Perhaps the most defining feature of "America by Heart" is Palin's capacity to boil down complicated political battles into pure political simplicity. The Cold War, for example, was won because "the differences between the United States and the Soviet Union were real -- and consequential" and "one of those differences was a belief in God." Opposition to an Islamic Cultural Center in downtown Manhattan, meanwhile, was hardly an exercise in religious intolerance. "[I]t's what our Founders called 'a decent respect for the opinions of mankind' -- or in this case their fellow Americans." America's problems, in the end, are partially due to the fact that "we may be creating a generation of entitled little whiners."

There is a conviction to the text.
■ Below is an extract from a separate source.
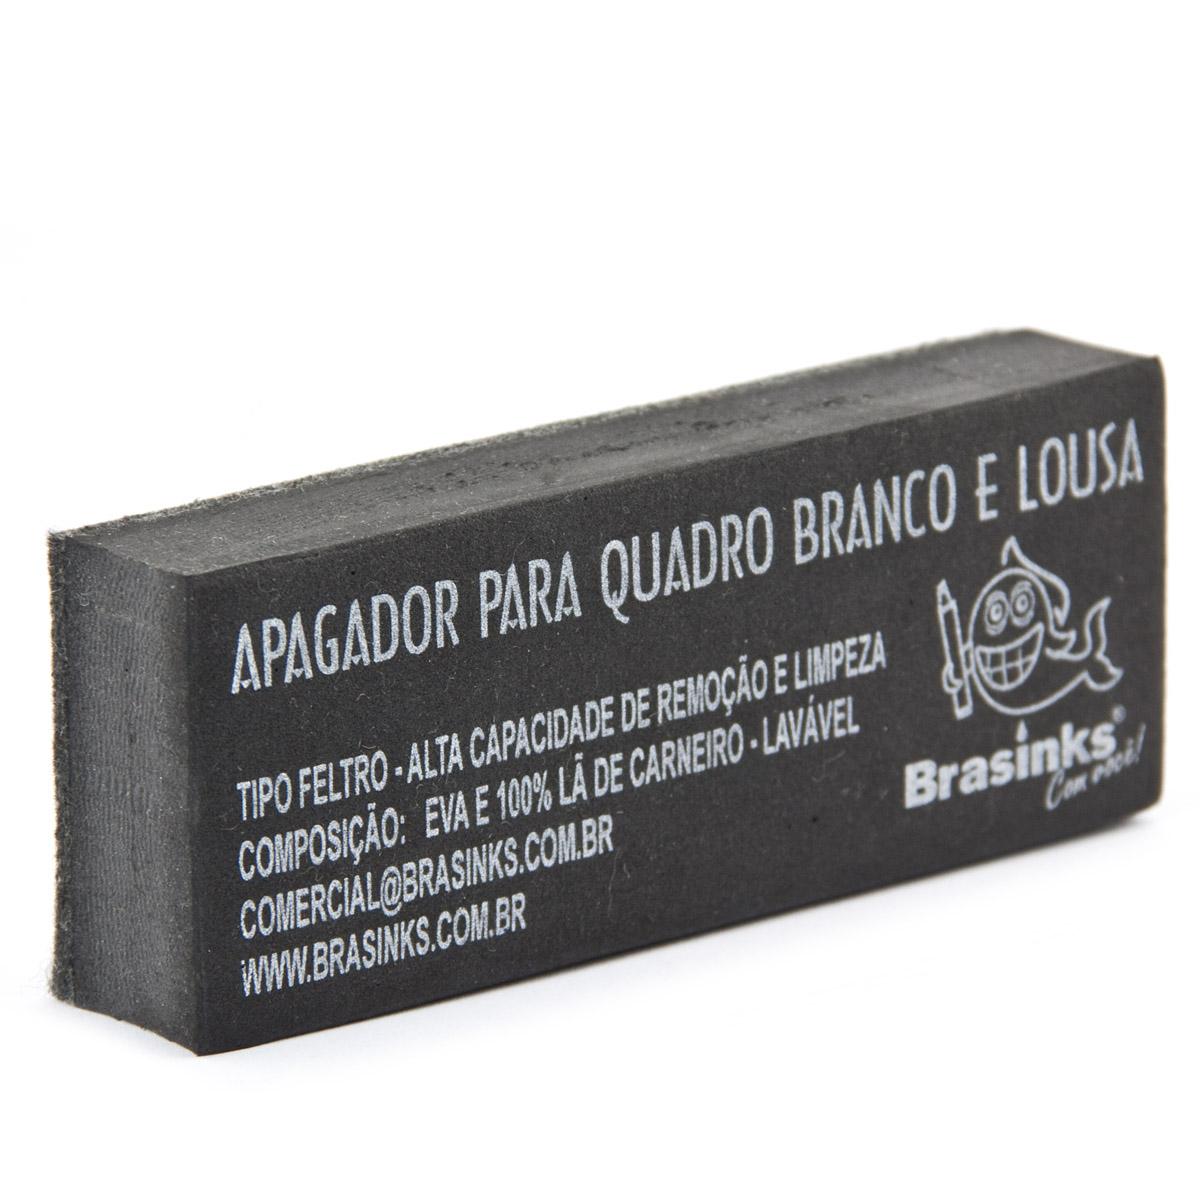 APAGADOR DE QUADRO BRANCO BRASINKS - LAVÁVEL

And reading it, one gets the sense that Palin sees herself as a truth teller within a political system built on cynicism. That said, "America by Heart" is hardly introspective. Relatively little of the work is devoted to, what has been, an eventful and tumultuous two years for the former Alaska Governor -- a period that included leaving her job, becoming a media star, a Tea Party figurehead, and a force of remarkable significance within her party. The book seems all about the future, with the one bit of self-reflection occurring towards the end:

Had I listened to those who suggested it would be political suicide to hand the Governor's reigns over to my lieutenant governor entering my lame duck last year in office -- a choice I made so that I could fight for Alaska, and America, more effectively in a different venue -- then my state would have suffered from the obstruction and paralysis of my office by the politically motivated attacks that began the day I was announced as the Republican vice-presidential candidate in 2008.

Had I listened to the politicos (even some within my own political action committee) and shied away from endorsing candidates I knew were best for America -- people such as Susana Martinez, Nikki Haley, Doug Hoffman, Joe Miller and Karen Handel -- I wouldn't have been using my position in the best interests of the country I love.